Получив дозволение епархиального и военного руководства на пребывание в действующей армии, в апреле 1915 года протоиерей Николай был распределен в 12-й отряд Общеземского союза, находящийся на передовых позициях Галицийского фронта. Став военным священником, отец Николай причащал Святых Христовых Таин раненых воинов, совершал отпевания и погребения убитых, зачастую рискуя собственной жизнью под пулями врага. Был случай, когда подвижник подвергся неприятельскому обстрелу во время всенощного бдения, которое он совершал в местечке Крошино близ Барановичей. Но Господь хранил Своего избранника, и в сентябре 1916 года отец Николай вернулся в родное Александровское училище и домовый храм при нем4.
В «штабе прогрессивного духовенства»
В Москве священник Николай Добронравов был, кажется, неутомим в своей просветительской деятельности: читал лекции в Обществе трезвости, участвовал в Общеобразовательных чтениях для фабрично-заводских рабочих. Кроме того, еще до Первой мировой войны, с 1905 года, он был одним из наиболее заметных деятелей Общества любителей духовного просвещения, которое было тогда, по меткому выражению бессменного секретаря организации Н.П. Розанова, «штабом прогрессивного духовенства»5 — центром деятельности сторонников церковных реформ и обновления церковной жизни. В обществе, встречи которого проходили в Московском епархиальном доме, собирались именитые представители из числа священнослужителей и мирян. Отец Николай выступает здесь с инициативой проведения съезда, состоящего из выборных депутатов, в том числе от сельского духовенства, ратует за развитие связей общества с частными кружками, где тоже обсуждаются вопросы церковного обновления6. У митрополита Московского Владимира (Богоявленского) явная политизация деятельности общества и революционный настрой его членов не вызывают сочувствия, и в конечном итоге ему пришлось вмешаться и направить их активность в более спокойное русло.
Проведение церковных реформ, исправление недостатков в церковной жизни в то время возлагалось на ожидаемый Всероссийский церковный собор. Несмотря на то что для его подготовки при Святейшем Синоде в Петербурге было создано Предсоборное Присутствие, среди либеральных членов Общества любителей духовного просвещения зрела мысль о необходимости организации собственной Предсоборной комиссии в Москве. В результате она была создана на заседании общества 15 ноября 1905 года, получив название Московская комиссия по церковным и вероисповедным вопросам. Ее председателем стал протоиерей Н.П. Добронравов. В марте 1906 года комиссия перешла под крыло «Союза 17 октября», впрочем, просуществовав недолго.

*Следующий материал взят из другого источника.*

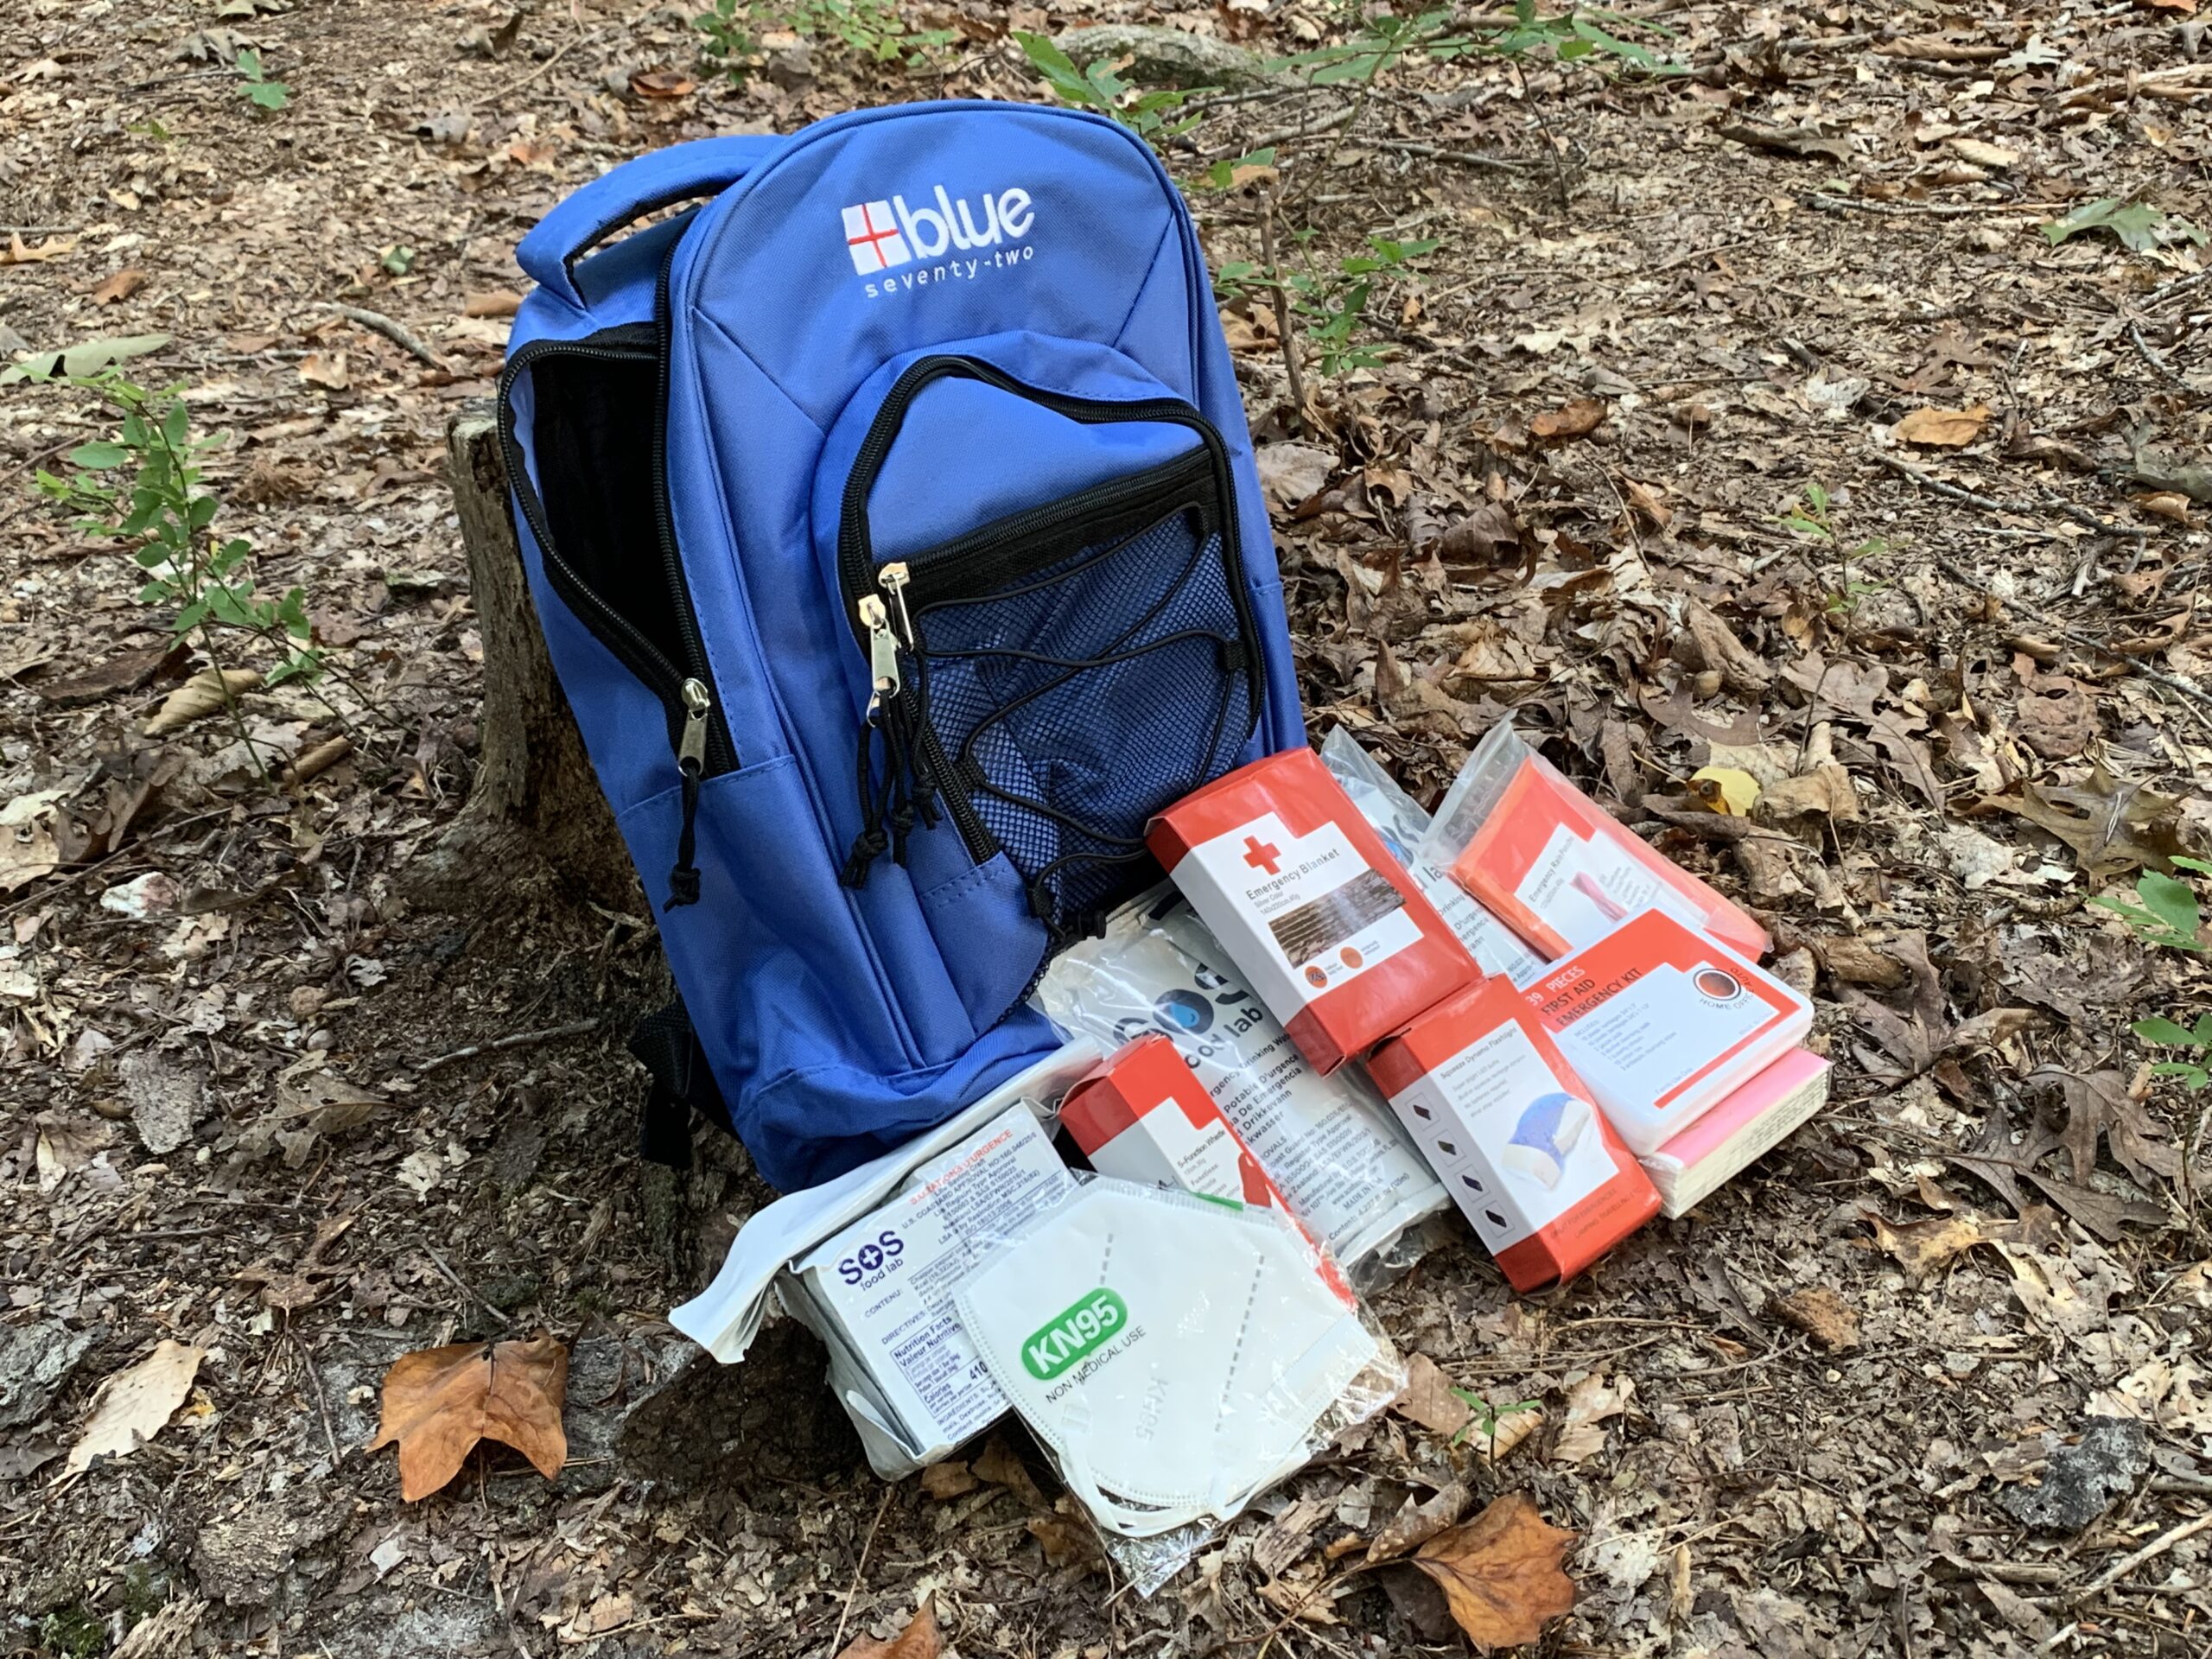 Blue coolers backpack survival kit

Отец Николай с 1914 года возглавлял Законоучительное братство, входил в состав Объединенного союза московского духовенства и мирян, а также в Исполнительный комитет объединенного духовенства и Епархиальный совет по управлению Московской епархией, образованные Чрезвычайным съездом духовенства и мирян в марте 1917 года. На повестке дня этого съезда стояло избрание Московского митрополита, поскольку митрополит Макарий (Невский), ставший преемником переведенного в Петербург митрополита Владимира (Богоявленского), был только что смещен с московской кафедры. Отец Николай проявил себя как убежденный сторонник идеи выборности епископата.
Протоиерей Н.П. Добронравов стал делегатом от Московской епархии на Всероссийском съезде духовенства и мирян, который проходил в Москве в июне 1917 года (он входил в секцию по организации церковного управления вместе с известным канонистом и церковным историком, будущим священномучеником И.М. Громогласовым7). На съезде протоиерей Николай был избран членом Предсоборного совета. Входил в состав Всероссийского церковного собора (член I, II, III и VII отделов), участвовал во всех трех соборных сессиях. Его участие особенно было заметно в Комиссии по епархиальному управлению.
Вредный для революции тип
Во время обстрела большевиками здания Александровского военного училища в ноябре 1917 года в квартире отца Николая скрывались несколько семейств офицеров. Он принимал самое живое участие в похоронах юнкеров и старшего командного состава, погибших в Москве во время уличных боев и обстрела большевиками Кремля в 1917 году8. Нет сомнения в том, что его сердце было на стороне героических защитников Москвы. Именно отец Николай на заседании собора выступил с инициативой организации церковного отпевания погибших юнкеров и студентов и взял на себя многие связанные с этим хлопоты (большевики от церковного погребения своих убитых демонстративно отказались).
После закрытия Александровского военного училища отец Николай был назначен настоятелем старинного московского храма Всех святых на Кулишках. И здесь вскоре он стал жертвой спланированной провокации. В газетах «Известия ВЦИК» и «Правда» от 22 августа 1918 года сообщалось, что духовенство некоторых московских храмов, в том числе храма Всех святых на Кулишках, якобы устраивает на колокольнях и чердаках домов площадки для размещения пулеметов и орудий с целью обстрела занятого большевиками Кремля9.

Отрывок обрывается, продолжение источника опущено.